■ **What you are asked to do**: Start to finish, print the data below exactly, without the images.
Top of Available data
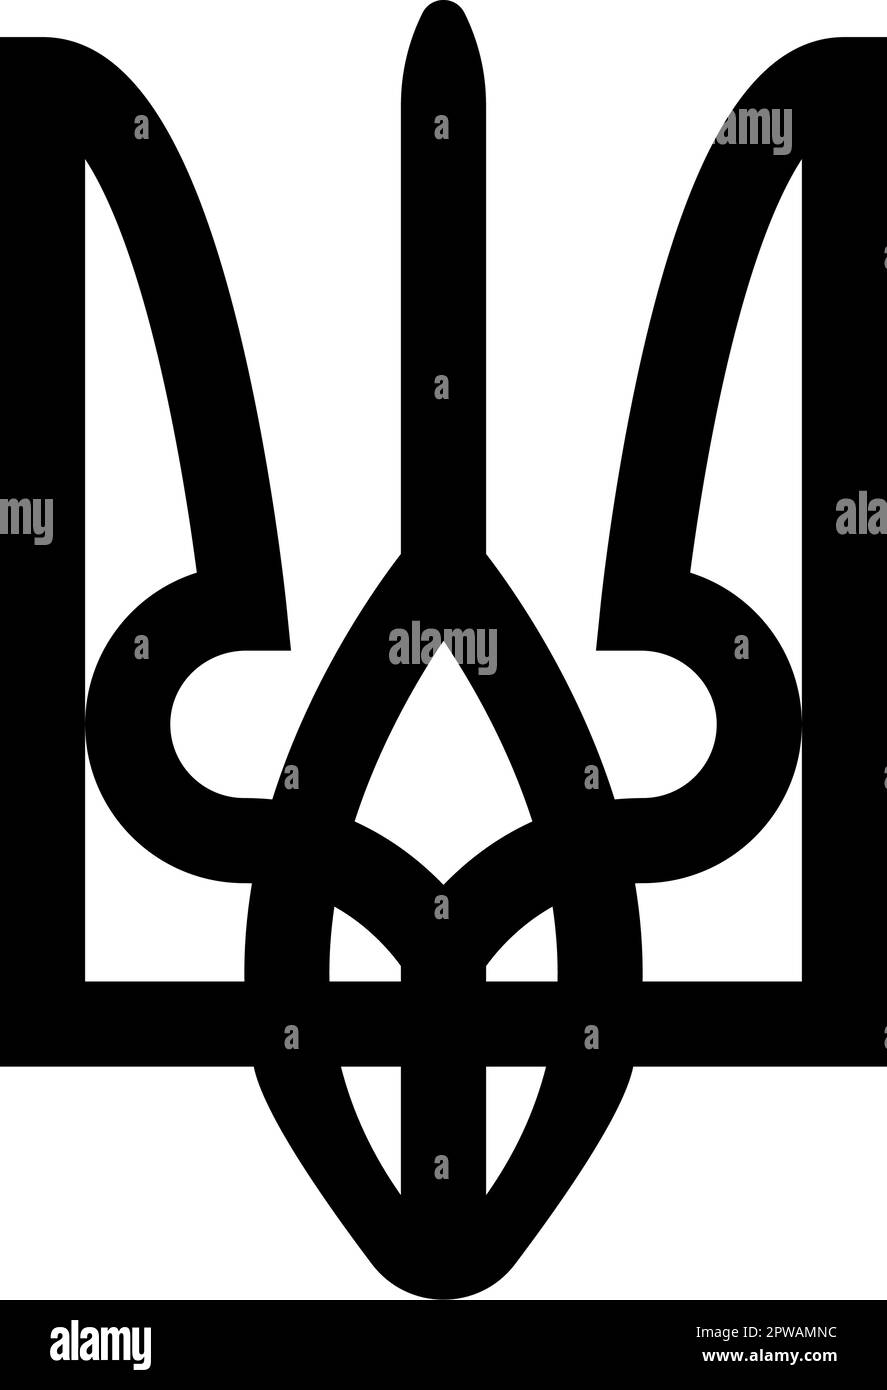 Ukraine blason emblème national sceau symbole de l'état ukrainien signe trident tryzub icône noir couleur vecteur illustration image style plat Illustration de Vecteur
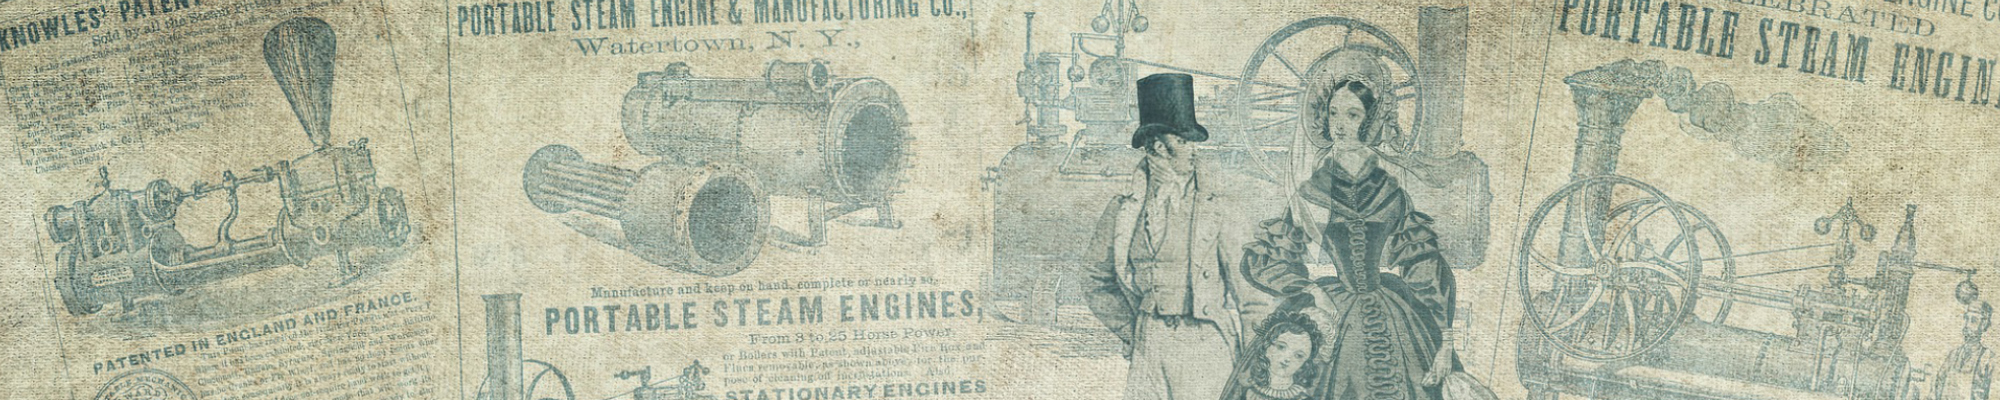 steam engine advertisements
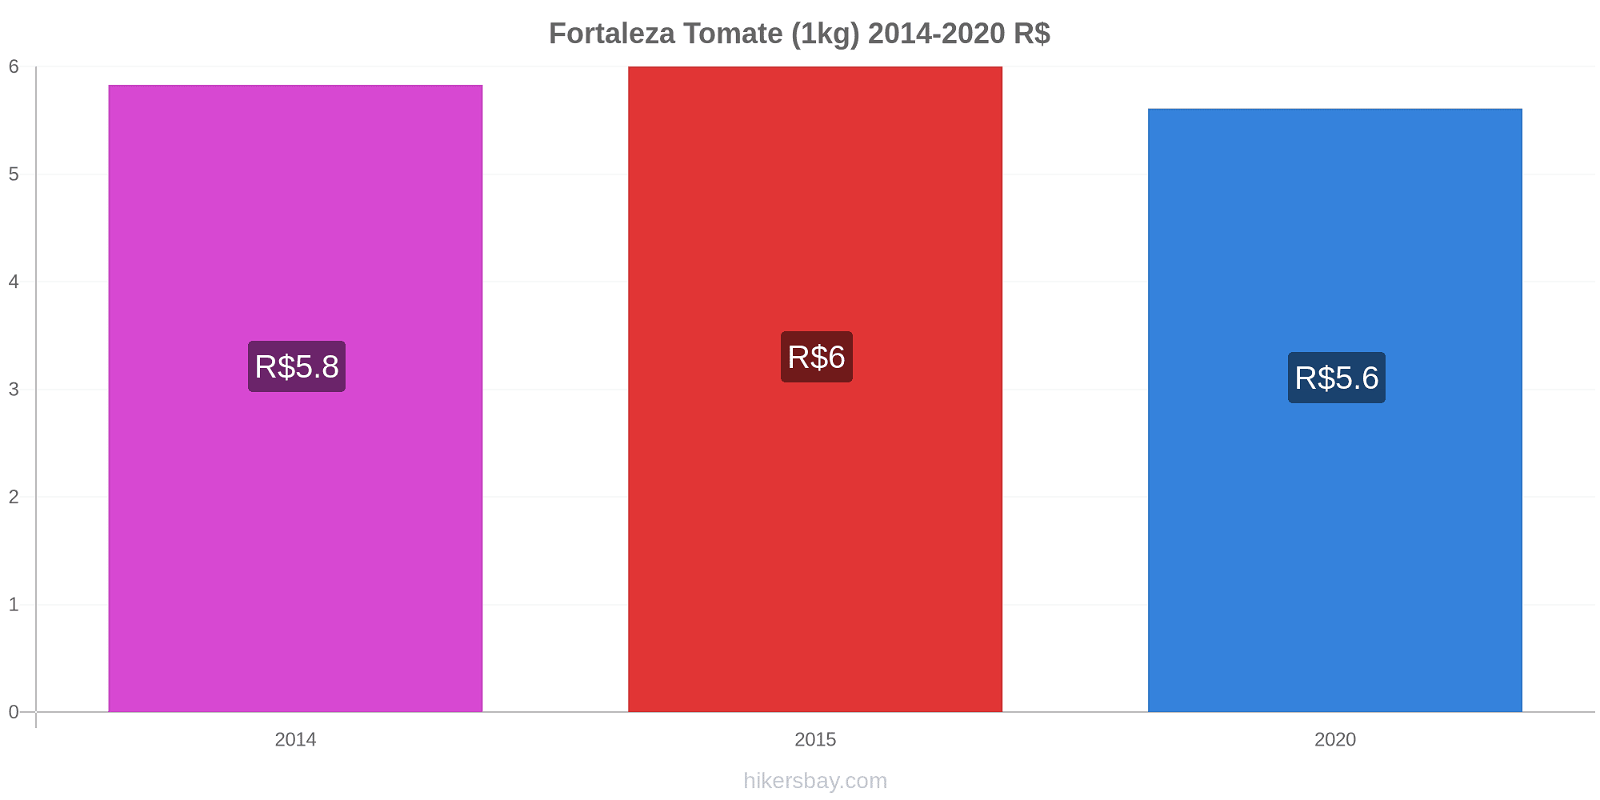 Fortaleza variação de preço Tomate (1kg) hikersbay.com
Bottom of Available data
■ **Answer to the exercise**:
 Ukraine blason emblème national sceau symbole de l'état ukrainien signe trident tryzub icône noir couleur vecteur illustration image style plat Illustration de Vecteur
 steam engine advertisements
 Fortaleza variação de preço Tomate (1kg) hikersbay.com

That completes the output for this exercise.